An increasing number of Australian schools are prioritising educating students around ‘sexting’, according to the Australian Communication and Media Authority (ACMA).
The ACMA senior education trainer, Greg Gebhart, said the Cybersmart ‘sexting’ lesson plans, provided by the advocacy group, provide students with realistic scenarios and educate them about the social and legal consequences of ‘sexting’—the sending of sexual messages, photos or videos, online or using a mobile phone.
"Over the last month more than 63,000 ‘sexting’ brochures have been distributed, and over three hundred copies of the ACMA’s Cybersmart ‘sexting’ lesson plans have been downloaded," Gebhart said in a statement
“The popularity of these educational resources suggests that ‘sexting’ is a top of mind issue for schools and teachers and is perceived as a growing risk for teenagers.

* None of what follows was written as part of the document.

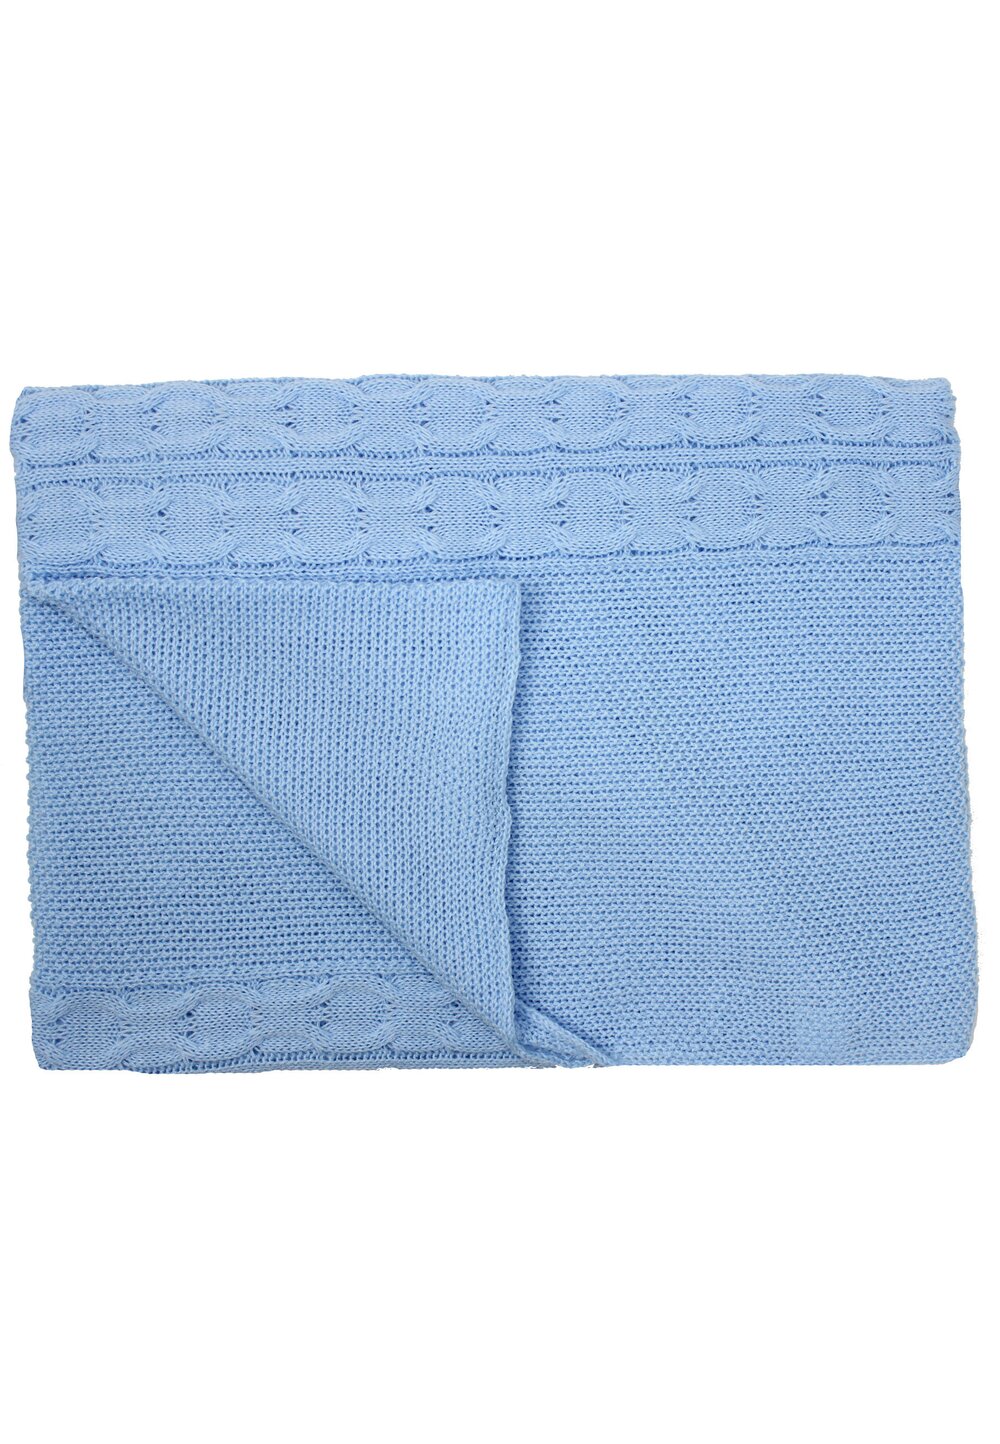 Paturica tricotata, Eva, albastra, 90x90cm 90x90cm

“Sharing sexually suggestive images or text messages may be seen as innocent flirting or amusement, but ‘sexting’ can have serious personal, social and legal consequence.”
According to Gebhart, the lessons are easily adaptable in the classroom, free of charge and part of a collection of educational cybersafety resources.
‘It is imperative that schools have policies and programs in place to educate and empower children and families about ‘sexting’ and how to reduce exposure and risks.”